Compiling the aosp_taimen-userdebug boot image, the most
memory hungry method BatteryStats.dumpLocked has the
Scheduler memory allocations in ArenaStack hidden by the
register allocator:
- before:
MEM: used: 8300224, allocated: 9175040, lost: 197360
Scheduler 8300224
- after:
MEM: used: 5914296, allocated: 7864320, lost: 78200
SsaLiveness 5532840
RegAllocator 144968
RegAllocVldt 236488
The total arena memory used, including the ArenaAllocator
not listed above, goes from 44333648 to 41950324 (-5.4%).

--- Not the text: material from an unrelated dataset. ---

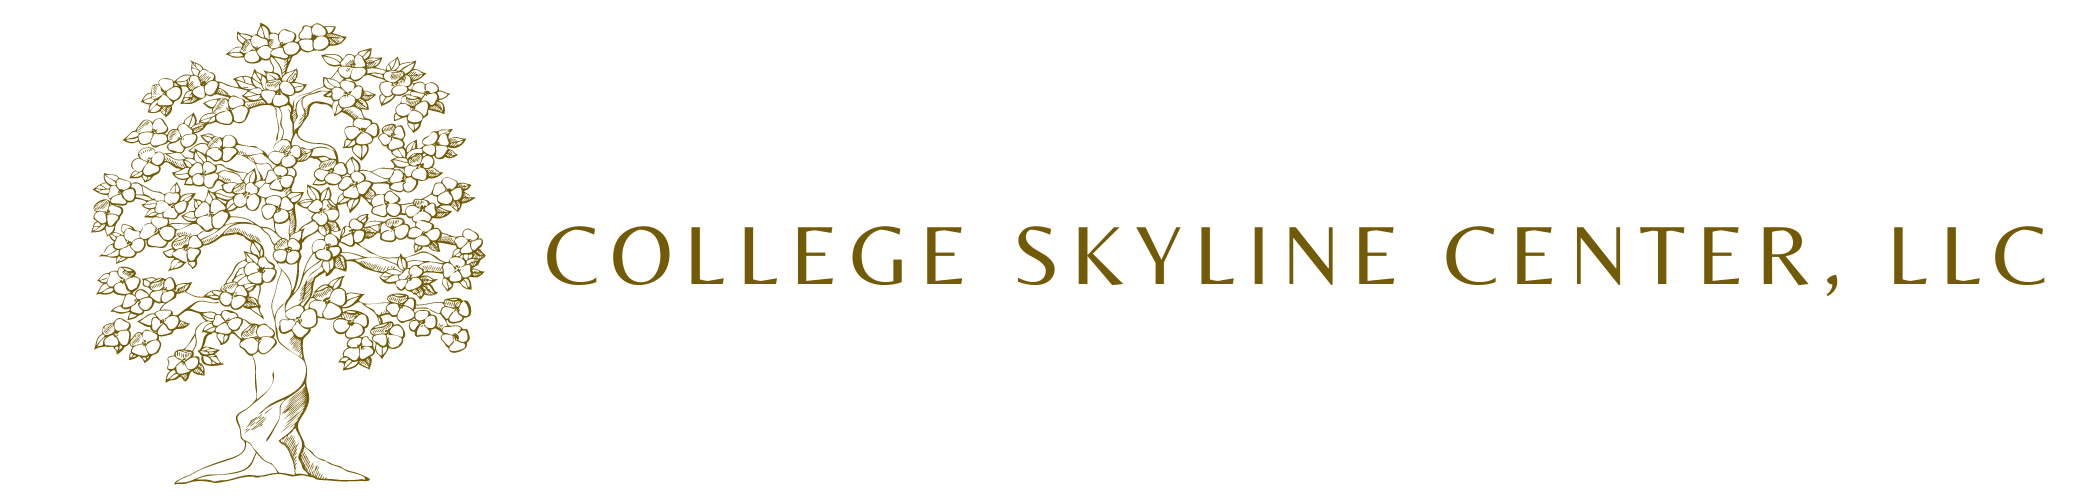 College Skyline Center LLC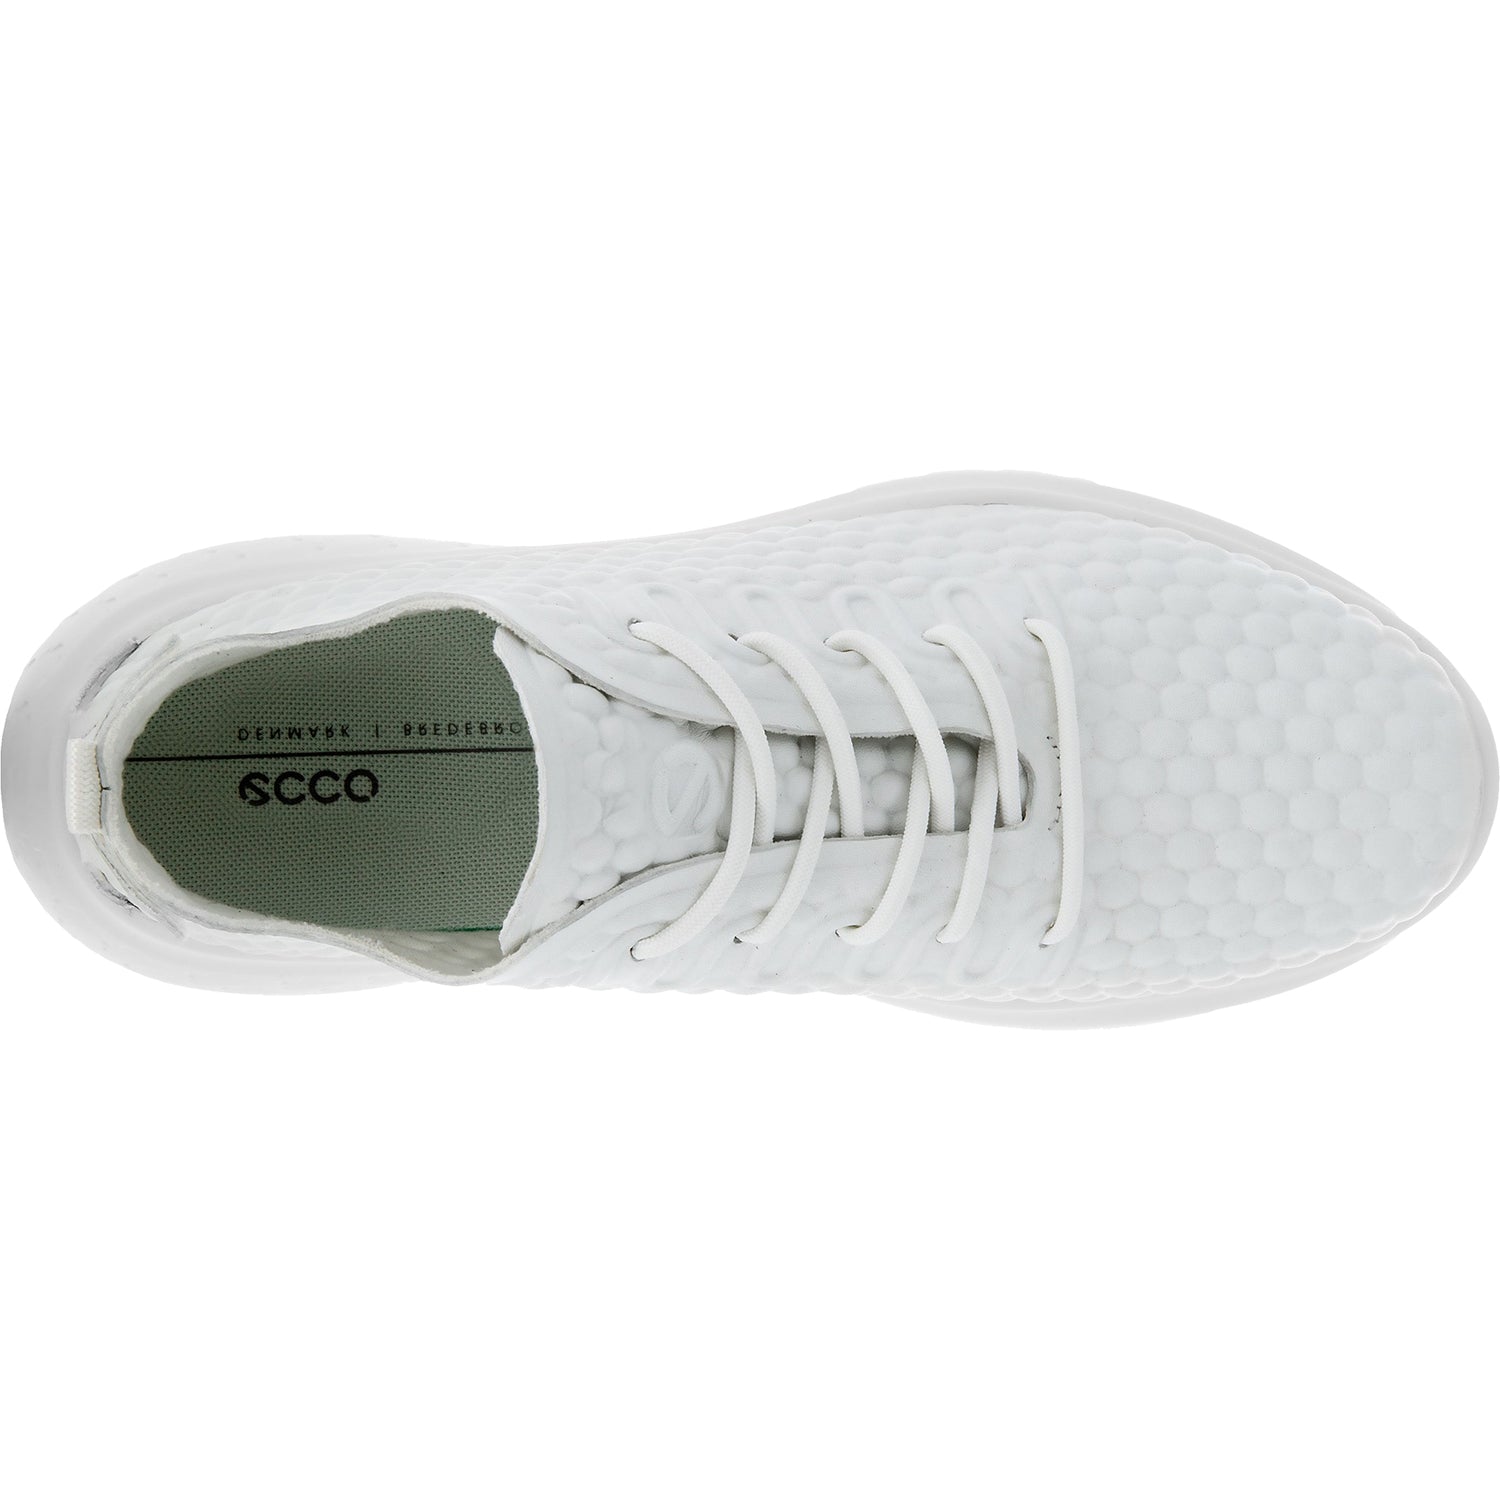 Ecco Therap Lace White | Women's Sneakers | Footwear etc.

(Measured with kArenaAllocatorCountAllocations=true,
kArenaAllocatorPreciseTracking=false.)
Also remove one unnecessary -Wframe-larger-than= workaround
and add one workaround for large frame with the above arena
alloc tracking flags.
Test: m test-art-host-gtest
Test: testrunner.py --host
Bug: 34053922
Change-Id: I7fd8d90dcc13b184b1e5bd0bcac072388710a129
diff --git a/compiler/optimizing/scheduler.cc b/compiler/optimizing/scheduler.cc
index 588ea03..1aa16f4 100644
--- a/compiler/optimizing/scheduler.cc
+++ b/compiler/optimizing/scheduler.cc
@@ -545,60 +545,67 @@
void HScheduler::Schedule(HGraph* graph) {
// We run lsa here instead of in a separate pass to better control whether we
// should run the analysis or not.
+ const HeapLocationCollector* heap_location_collector = nullptr;
LoadStoreAnalysis lsa(graph);
if (!only_optimize_loop_blocks_ || graph->HasLoops()) {
lsa.Run();
- scheduling_graph_.SetHeapLocationCollector(lsa.GetHeapLocationCollector());
+ heap_location_collector = &lsa.GetHeapLocationCollector();
}
for (HBasicBlock* block : graph->GetReversePostOrder()) {
if (IsSchedulable(block)) {
- Schedule(block);
+ Schedule(block, heap_location_collector);
}
}
}
-void HScheduler::Schedule(HBasicBlock* block) {
- ScopedArenaVector<SchedulingNode*> scheduling_nodes(allocator_->Adapter(kArenaAllocScheduler));
+void HScheduler::Schedule(HBasicBlock* block,
+ const HeapLocationCollector* heap_location_collector) {
+ ScopedArenaAllocator allocator(block->GetGraph()->GetArenaStack());
+ ScopedArenaVector<SchedulingNode*> scheduling_nodes(allocator.Adapter(kArenaAllocScheduler));
// Build the scheduling graph.
- scheduling_graph_.Clear();
+ SchedulingGraph scheduling_graph(this, &allocator, heap_location_collector);
for (HBackwardInstructionIterator it(block->GetInstructions()); !it.Done(); it.Advance()) {
HInstruction* instruction = it.Current();
CHECK_EQ(instruction->GetBlock(), block)
<< instruction->DebugName()
<< " is in block " << instruction->GetBlock()->GetBlockId()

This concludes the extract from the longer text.